[[ Supplied entries open ]]

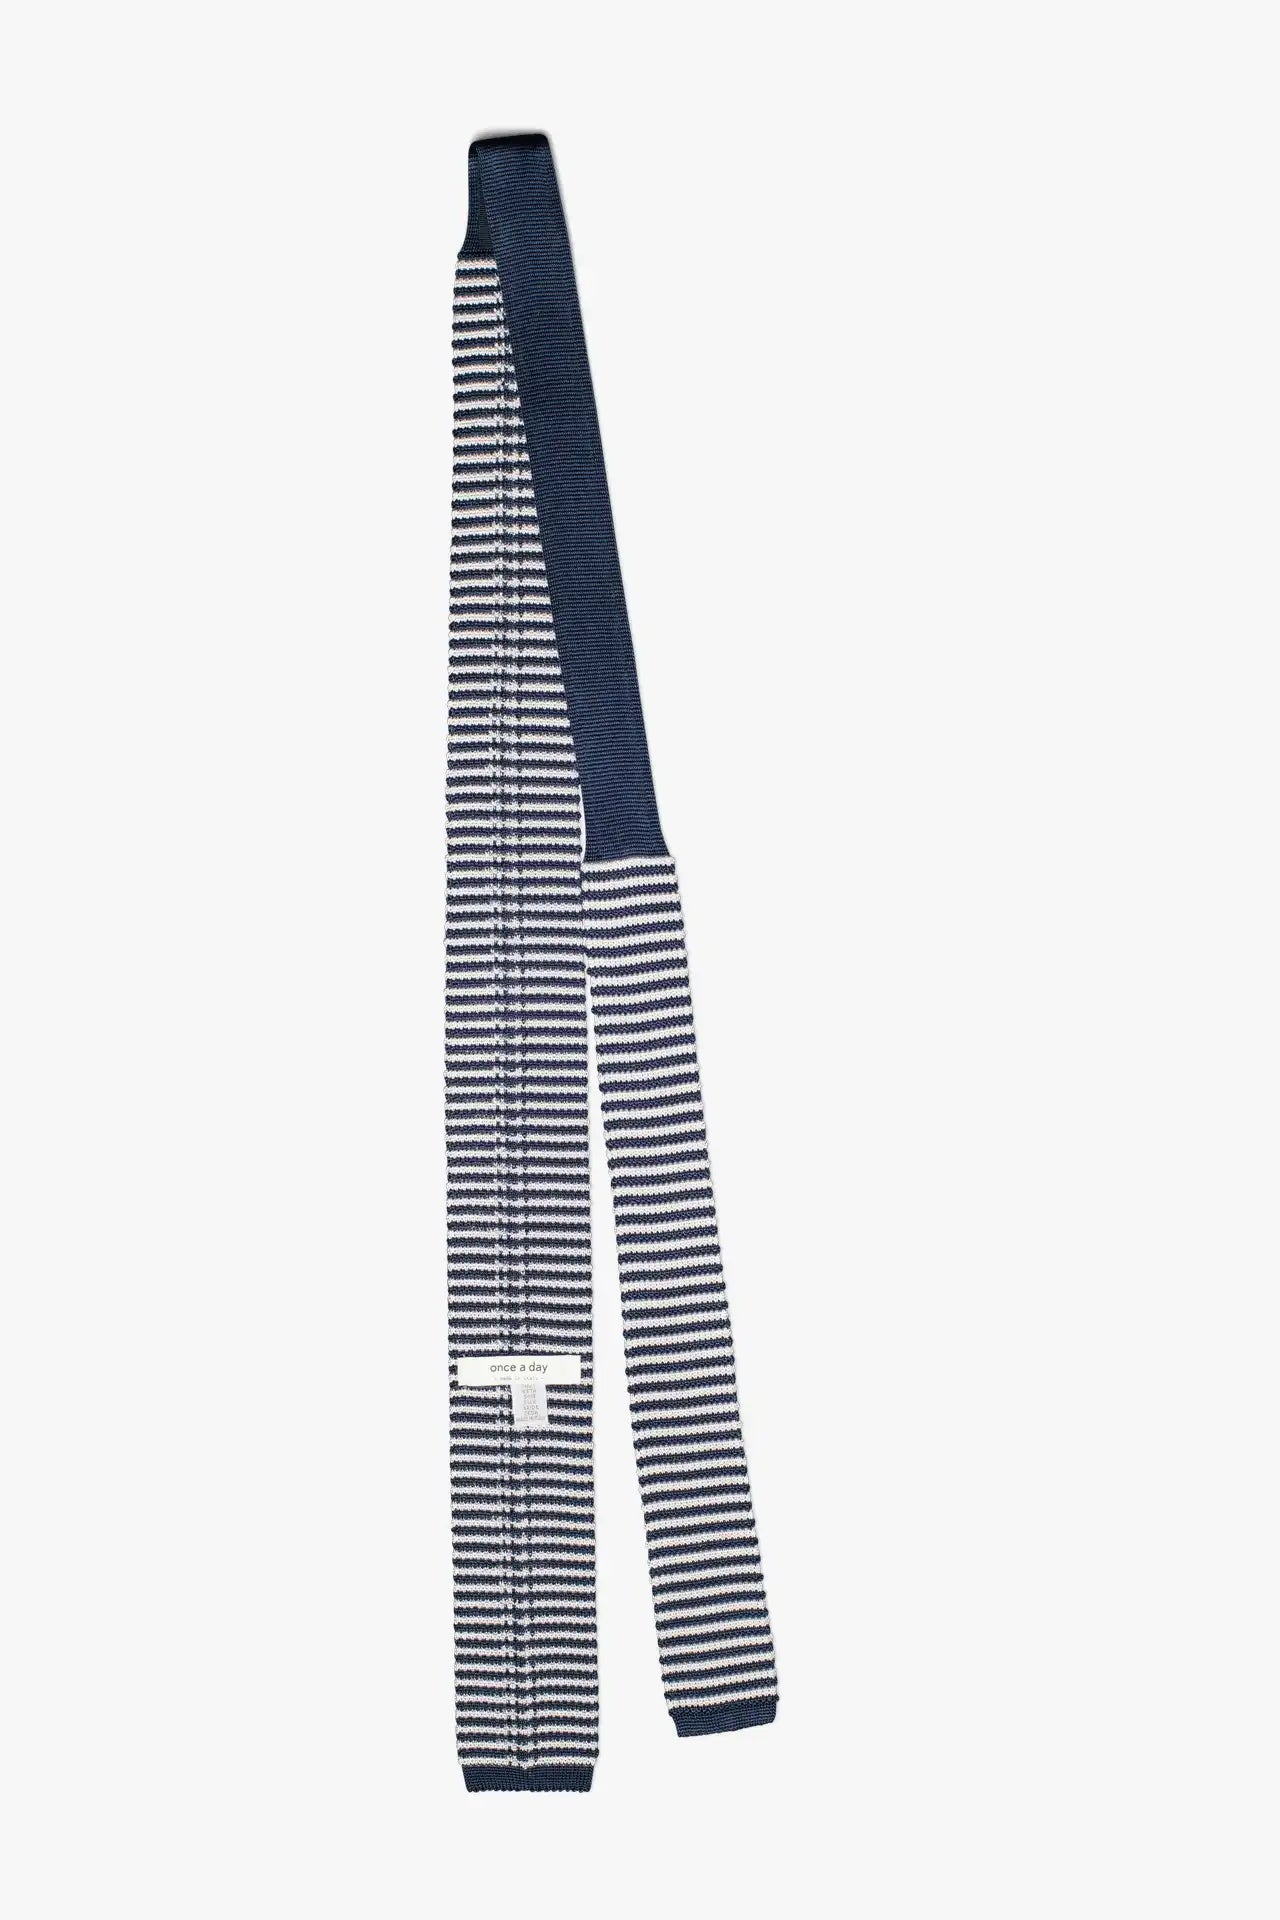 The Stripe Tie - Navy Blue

[[ Supplied entries closed ]]
[[ Supplied entries open ]]

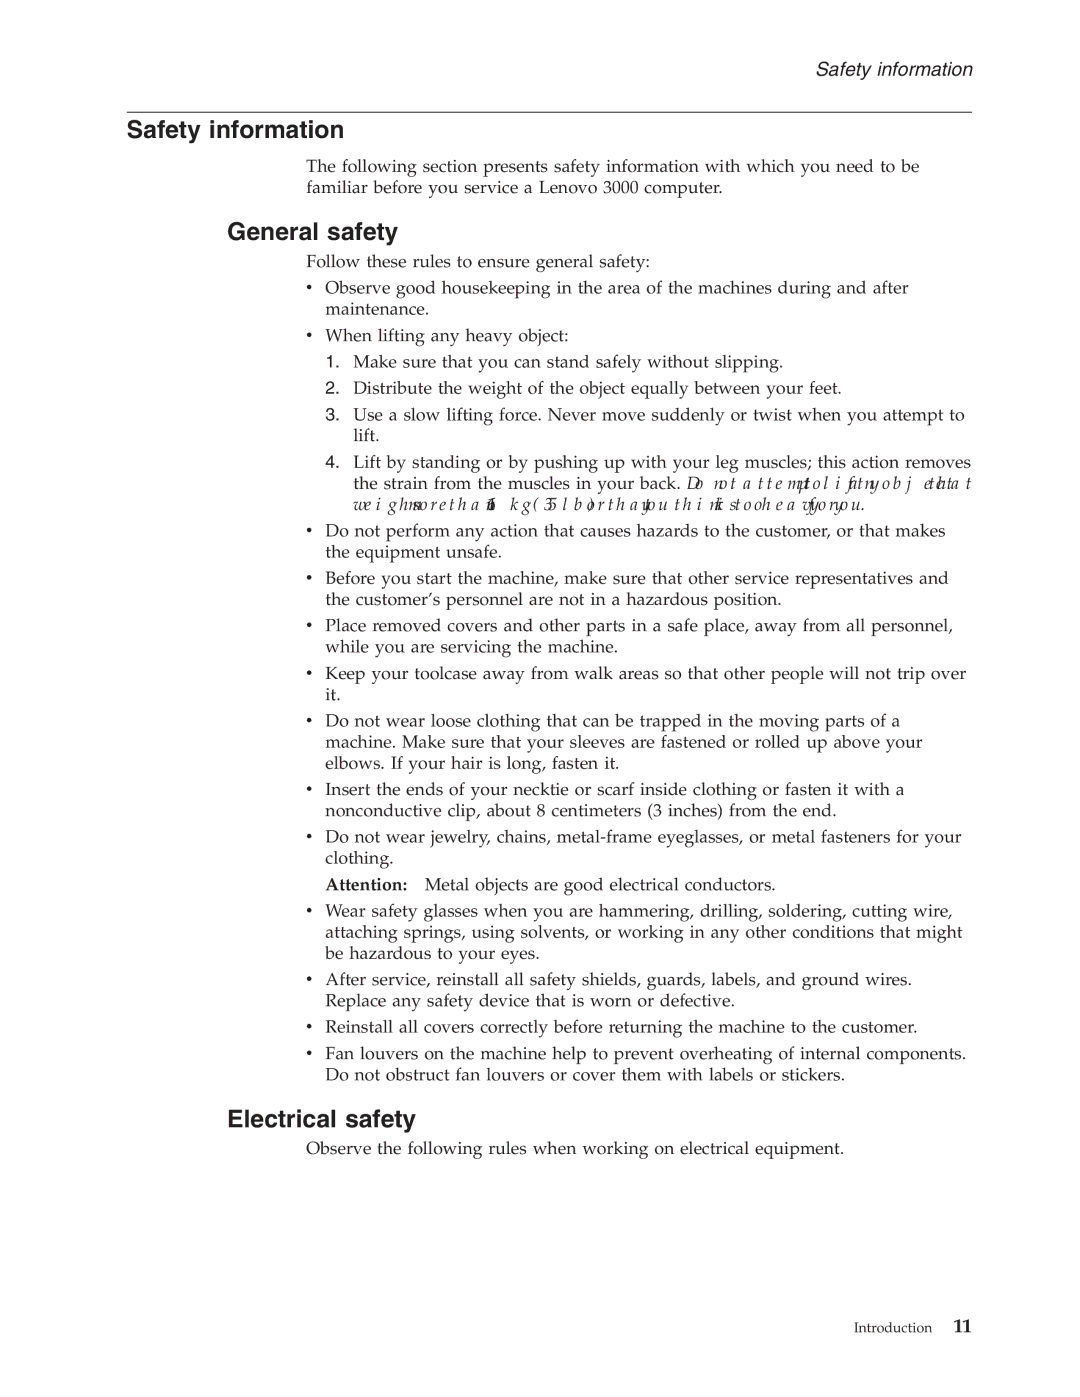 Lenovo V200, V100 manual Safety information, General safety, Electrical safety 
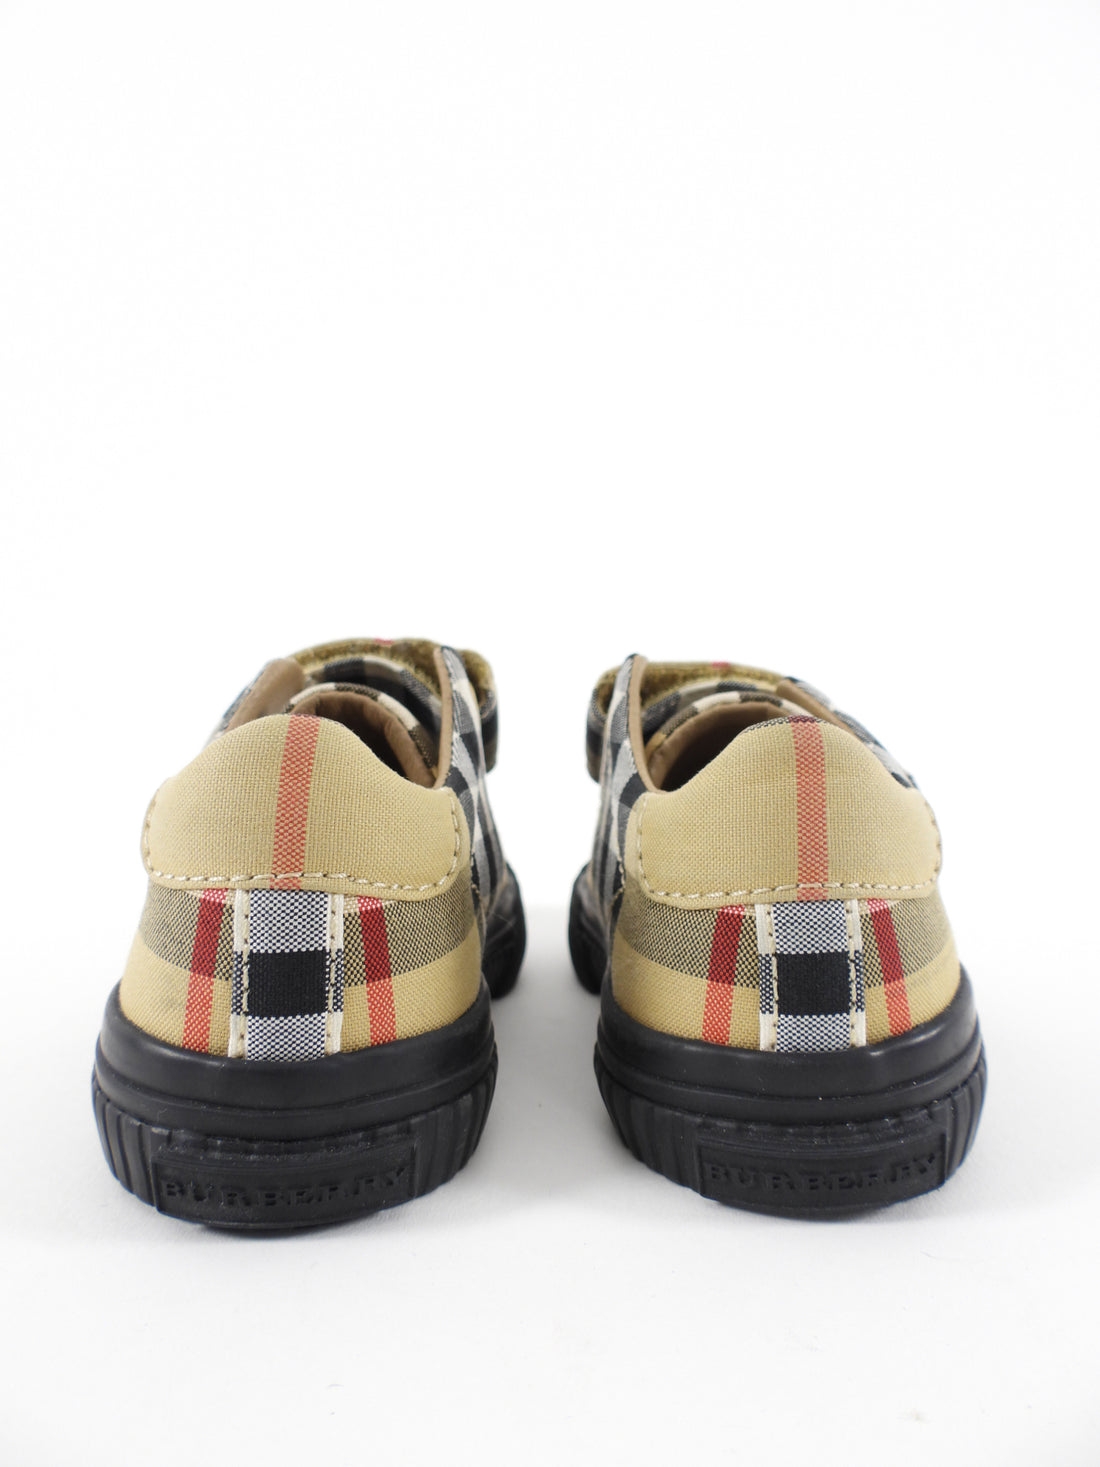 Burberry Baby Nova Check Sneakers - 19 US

[[ Supplied entries closed ]]

> _What is being asked_
Please copy the lines above exactly, starting at the line that holds "Lenovo V200, V100" and ending at the line that holds "Burberry Baby Nova Check Sneakers - 19 US"; include both, but no pictures.

> _Answer for this exercise_
 Lenovo V200, V100 manual Safety information, General safety, Electrical safety 
 Burberry Baby Nova Check Sneakers - 19 US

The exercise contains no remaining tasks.